Growing up I wondered what the hell was going and why he needed 4 ft tall speakers to blast music I had no comprehension of, till now. Acting like a delayed recording that is only now kick in for various reasons, I find myself latching on to anything that plucks the strings of nostalgia. However, a lot of those romanticized memories come with the kind of emotional baggage and trauma that can slap you out of no where.
As a kid, I knew that my father getting drunk meant a few different things. It meant that random people would be over to the house, there would be barbecue on deck, a beer run to a store that also mean getting to buy a bunch of junk food and soda. That they would go late into the night talking about all sorts of random things while simultaneously playing music so loud that you can't hear anyone talk. And no matter how hard we pleaded with him to turn the music down or to go to sleep, it would just make it worse.
While I'm able to comprehend the situations I was in growing up with an alcoholic father, I find myself mirroring his behavior, for better or for worst. While I don't have kids to emotionally scar nor four foot speakers to blast music from when I'm drunk. I only have four inch speakers attached to a back pack, but some of the music is the same though. Sort of.
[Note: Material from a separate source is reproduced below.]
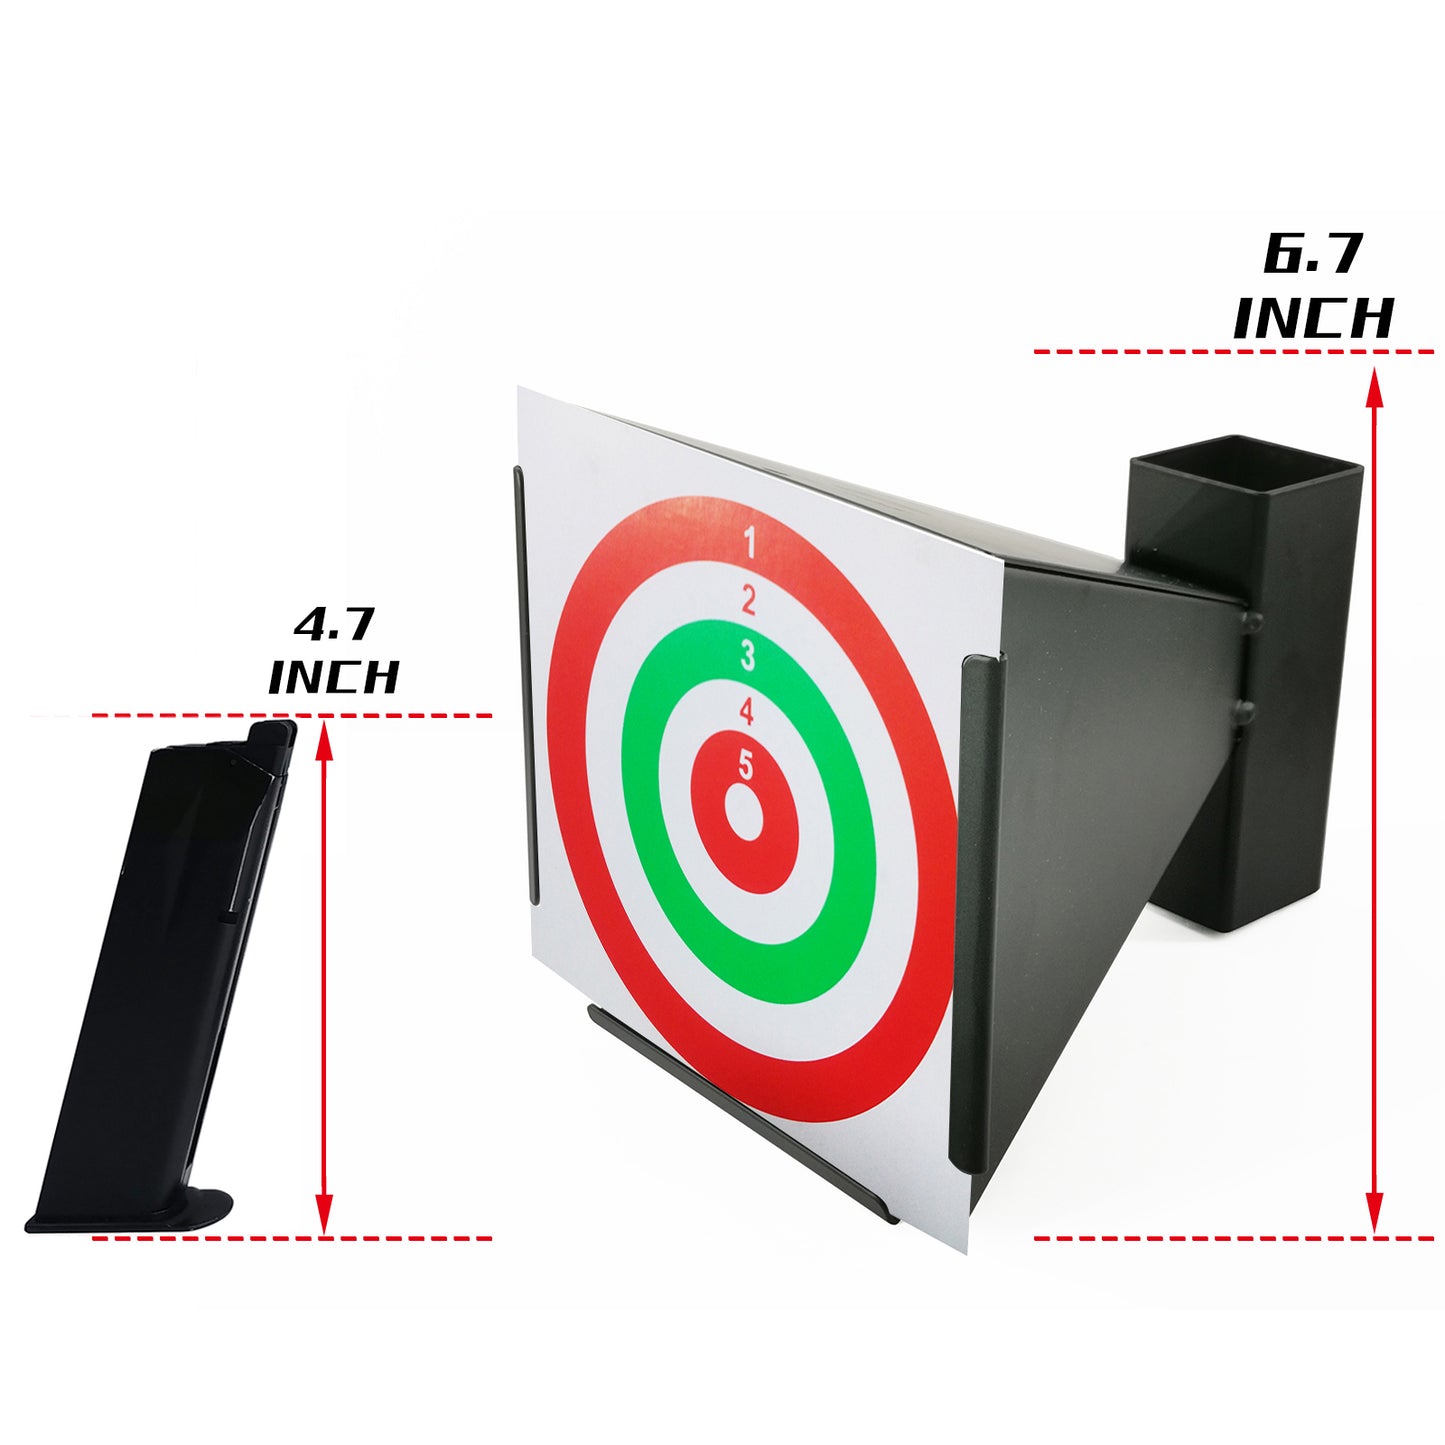 Atflbox 6.7 Inch BB Gun Trap with 20pcs Paper Target Bullet Catcher Shooting Target for Airsoft, Pellet, Rifle
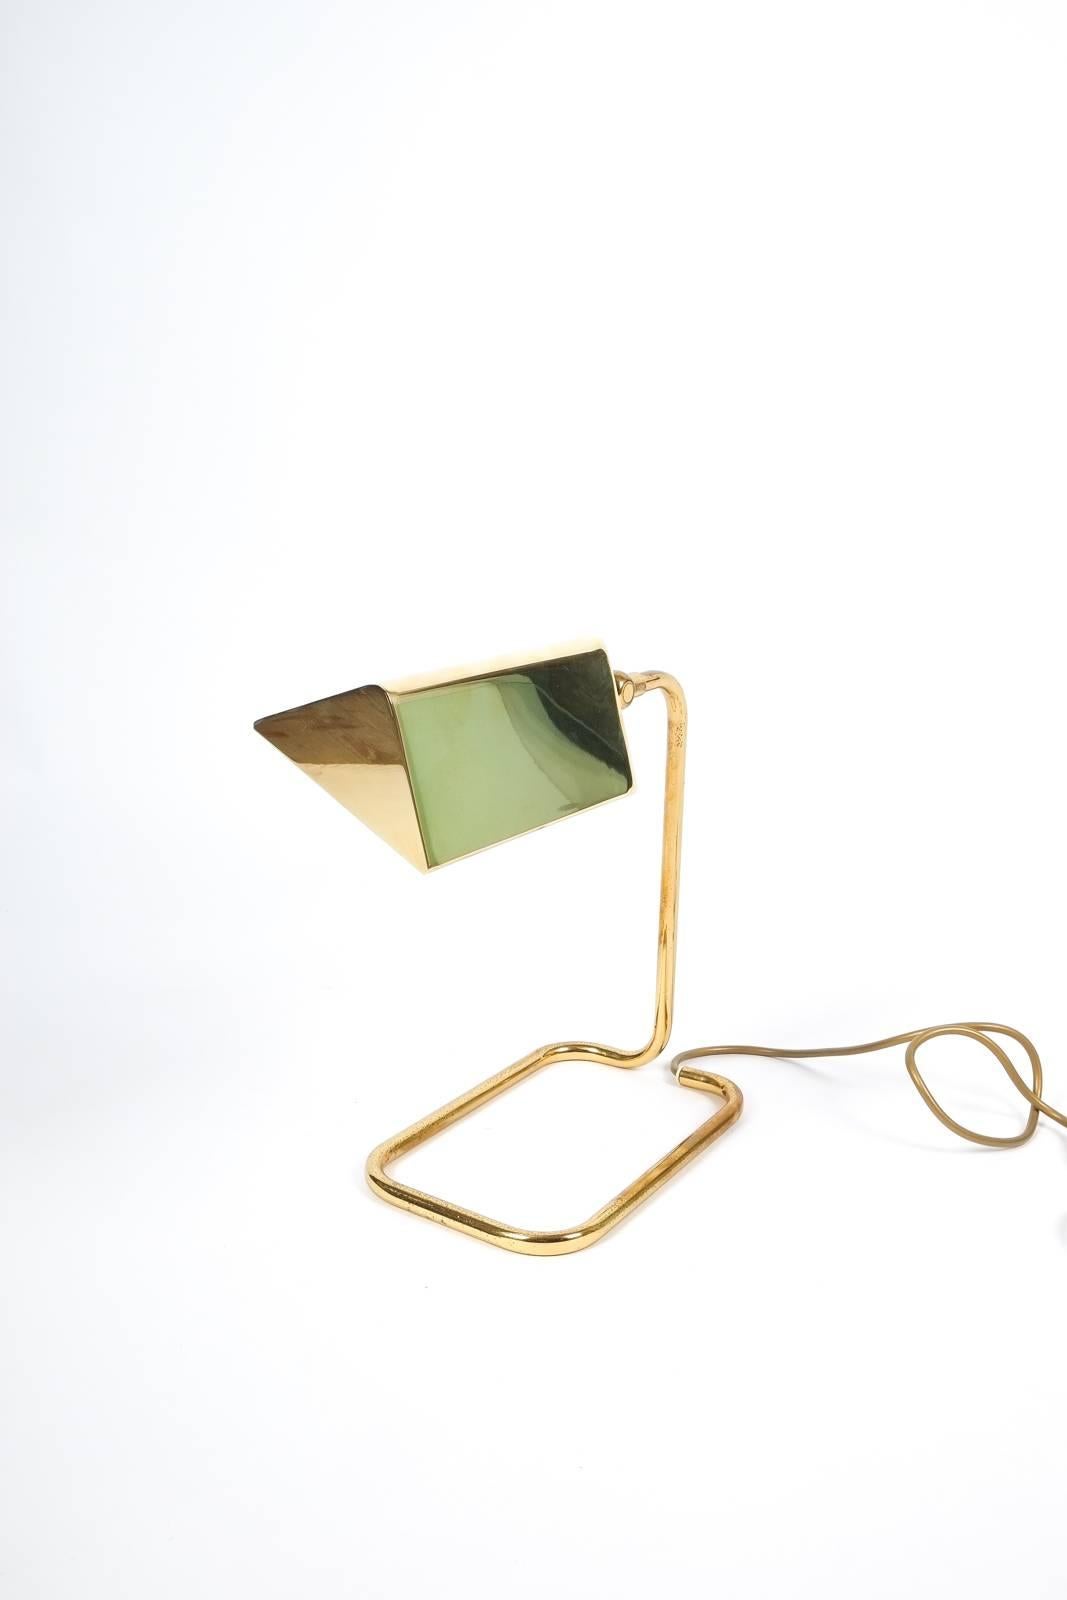 Gorgeous Brass Table Lamp by Koch Lowy, Germany 1

Rediscovering those tunes I heard in the middle of night as I tried to go to sleep have a different meaning now that I'm older and sober. I have a choice in how I can remember this music and I chose to enjoy it for what it is, music about heart-break and romance. Needless to say that my current binge of musical taste was inspired by real life events, but that's for another time.
Music today doesn't hold a candle to oldies and classics like Los Angeles Negros. It was another time and era, but their music is timeless. I literally spend hours listening to albums and playlist to rediscover as many bands as possible. And while my current obsession I'll eventually give way to heavy metal or wu-tang, I'll continue basking in them.
Saturday, October 04, 2014
Of What Could Have Been
That kind of stuff comes to my mind not only because I'm observant of my surroundings, but because I've recently been dwelling on the fact that I am a college drop out. When I started out in school, I wanted to get a journalism degree and graduate with that. For all those years I've spent at my community college and then getting politically active with the DREAMER/undocumented student movement, I reassessed those journalistic endeavors and decided to focus those skills somewhere else.
So what does it say when I find myself in spaces that celebrate institutional success in academia, politics, and other high end professions? I like to think that it's a combination of the work I do mixed with those I know and sprinkled with a little bit of actively putting myself in these spaces. Comparisons and wondering what if can't be helped in terms of self reflection. I goes along with the territory. But it's something I don't dwell on much.
For everything that could have been and is yet to be, I'm proud of who I am and how I got here. I respect friends who put in their time in academia for years and they work hard for their hustle. Game recognize game if you will. I like dwelling in these moments every once in a while because they provide an opportunity to continue to analyze my own personal growth and to keep it at 100.